Unfortunately, this isn't consistent throughout the franchise. Hell, even episode 2 explicitly stating druids can't think comes just one movie after we had a ceremony to present R2 a medal for saving the ship. And it certainly seems like more recent Star Wars stuff prefers to lean towards humanizing the droids.
The way it appears to work, broadly over all the content, is that the longer a droid is left to operate the more sentient it becomes. The empire is shown to wipe their droids regularly to inhibit this phenomenon.
The problem seems to be that because of this, you have characters that treat them as individuals and characters that treat them as tools.
There's also a lot of content that seems to blame the separatists for a lot of the animosity towards droids.
Which directly contradicts the statement in episode 2:
Obi-Wan: "Well if droids could think, there'd be none of us here, would there?"
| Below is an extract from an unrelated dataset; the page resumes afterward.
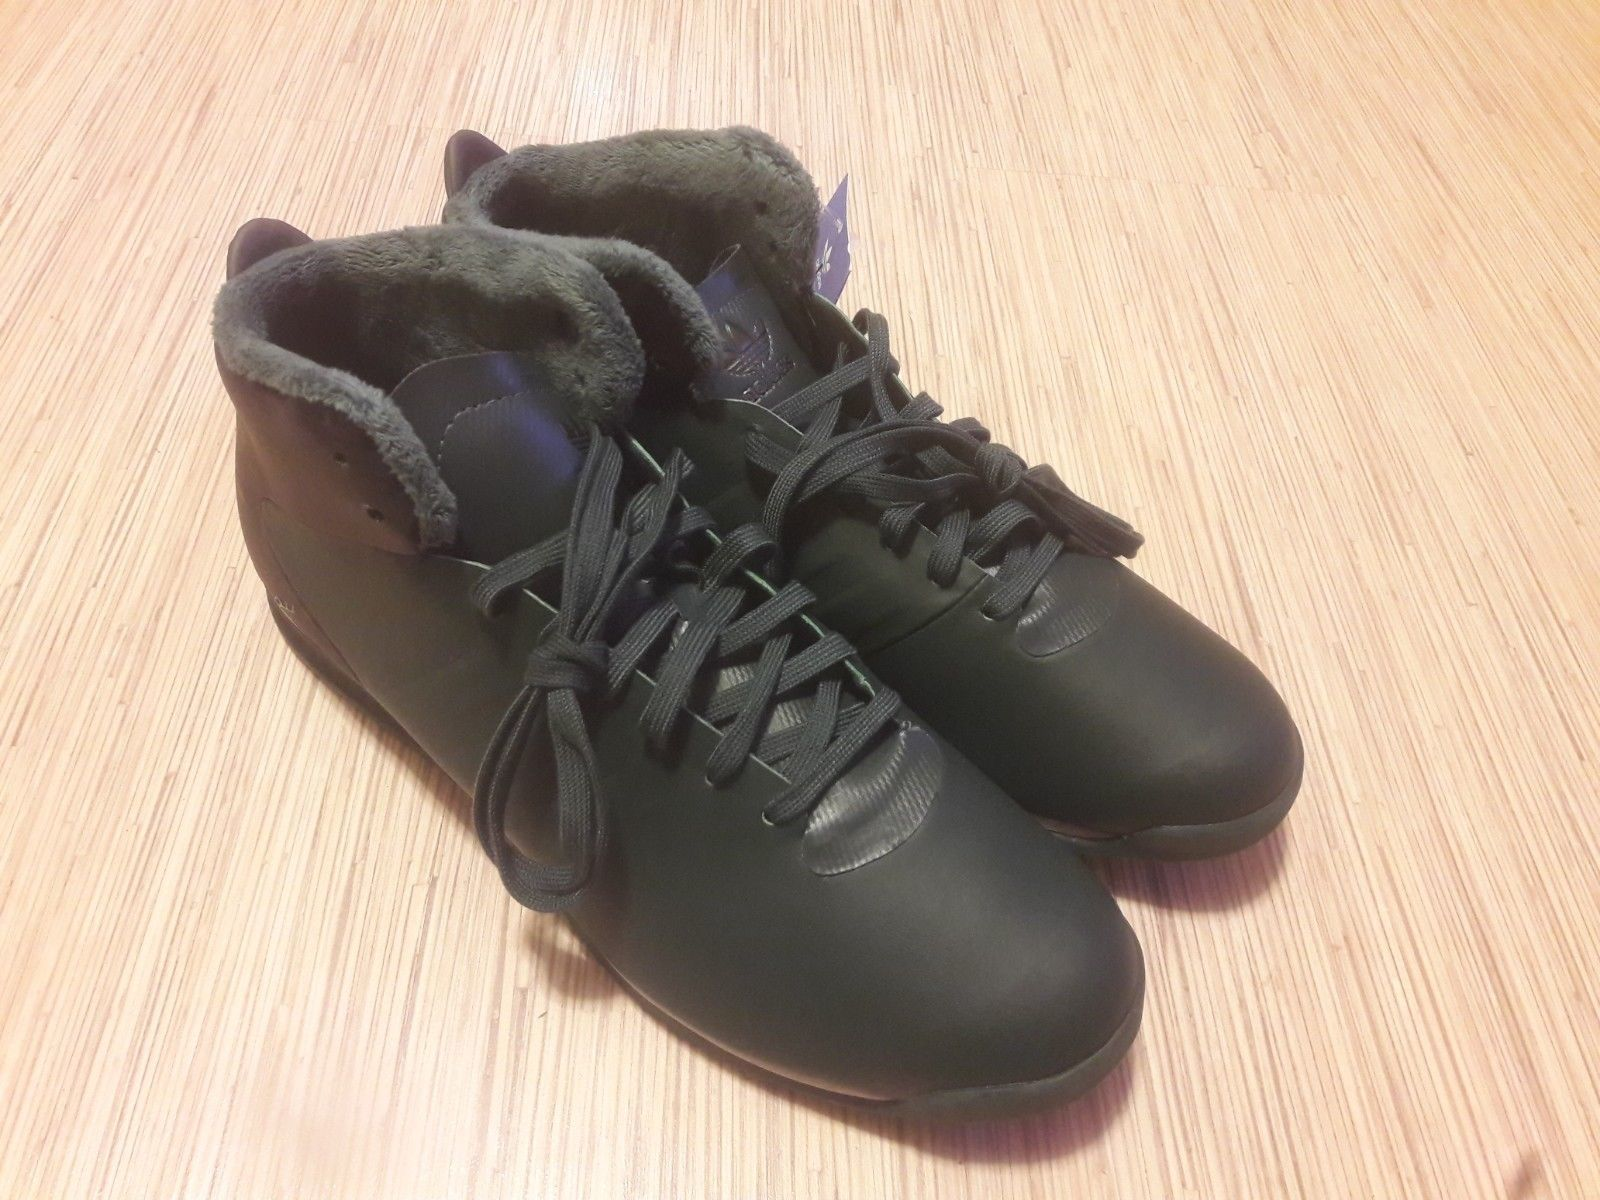 best service 56126 ba1d9 Adidas PORSCHE 911 2.0L MID Winter Sneakers Mens Walking S76116 Sz US 12
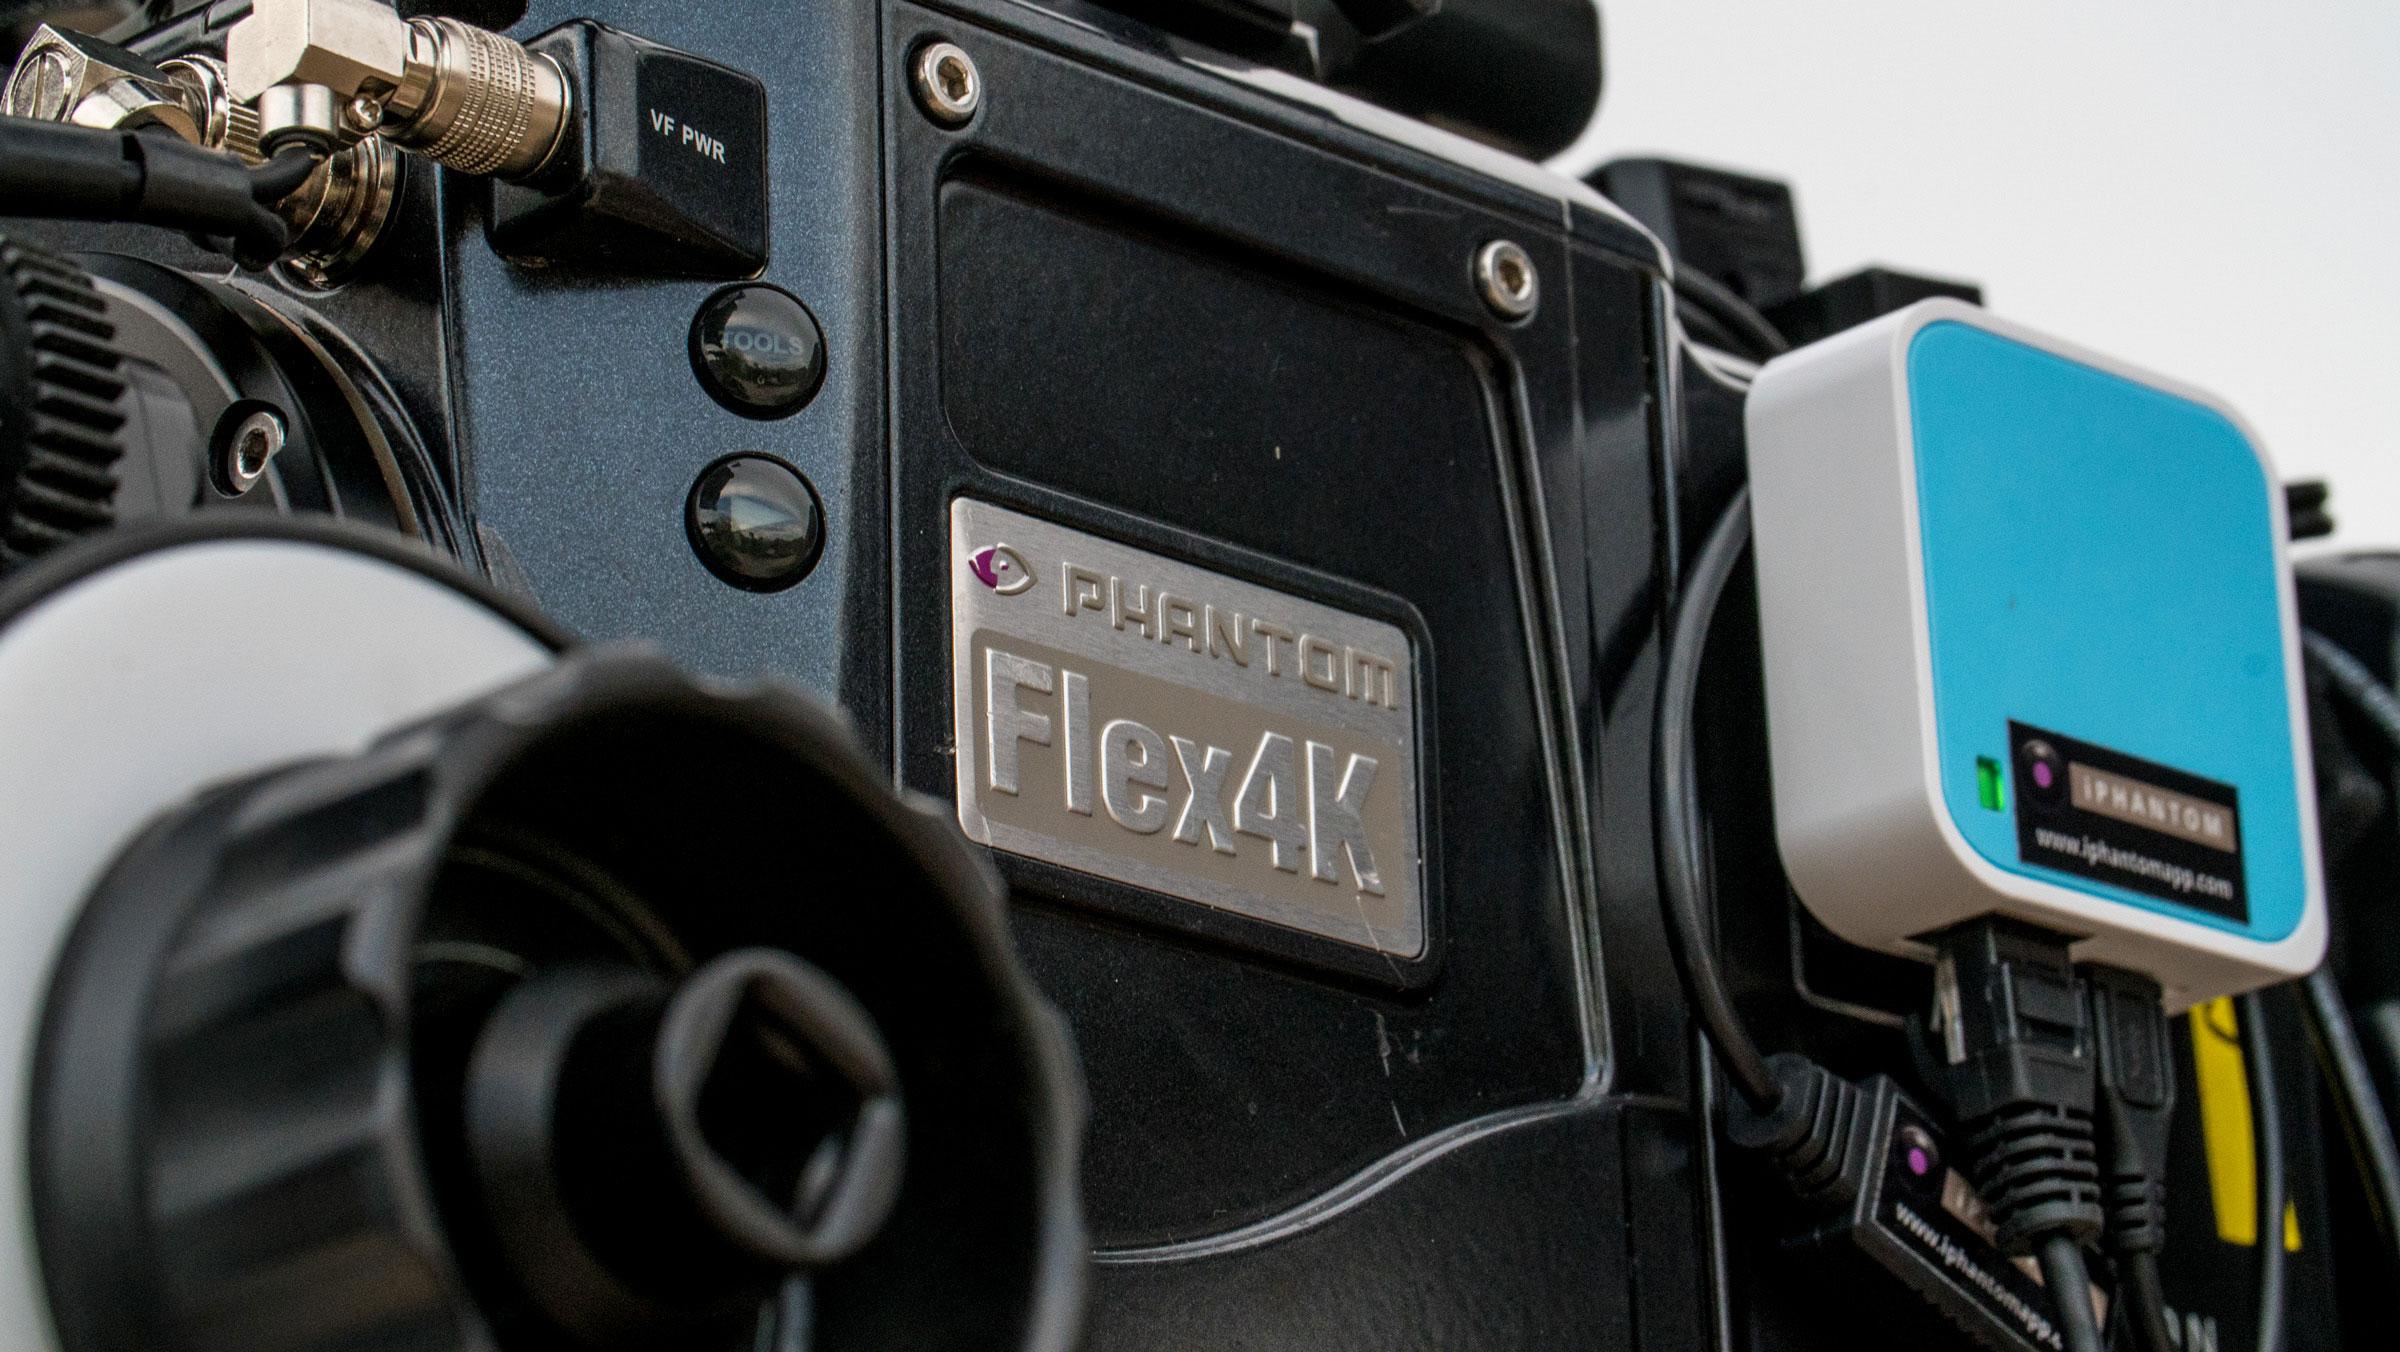 Camera Depreciation And How To Avoid Losing Money

If we accept Obi-Wan's characterization, then those droids may be able to operate independently, but they aren't actually thinking.
Again, I think a lot of Star Wars media has leaned towards making droids people and not just walking computers with a friendly ui. It's convenient for storytelling because it's easier to write and allows for droid characters to play larger roles and be more relatable to the audience.
But from a world building perspective it creates a lot of unfortunate implications and just makes less sense. The existence of truly intelligent robots should fundamentally alter the world but it never does.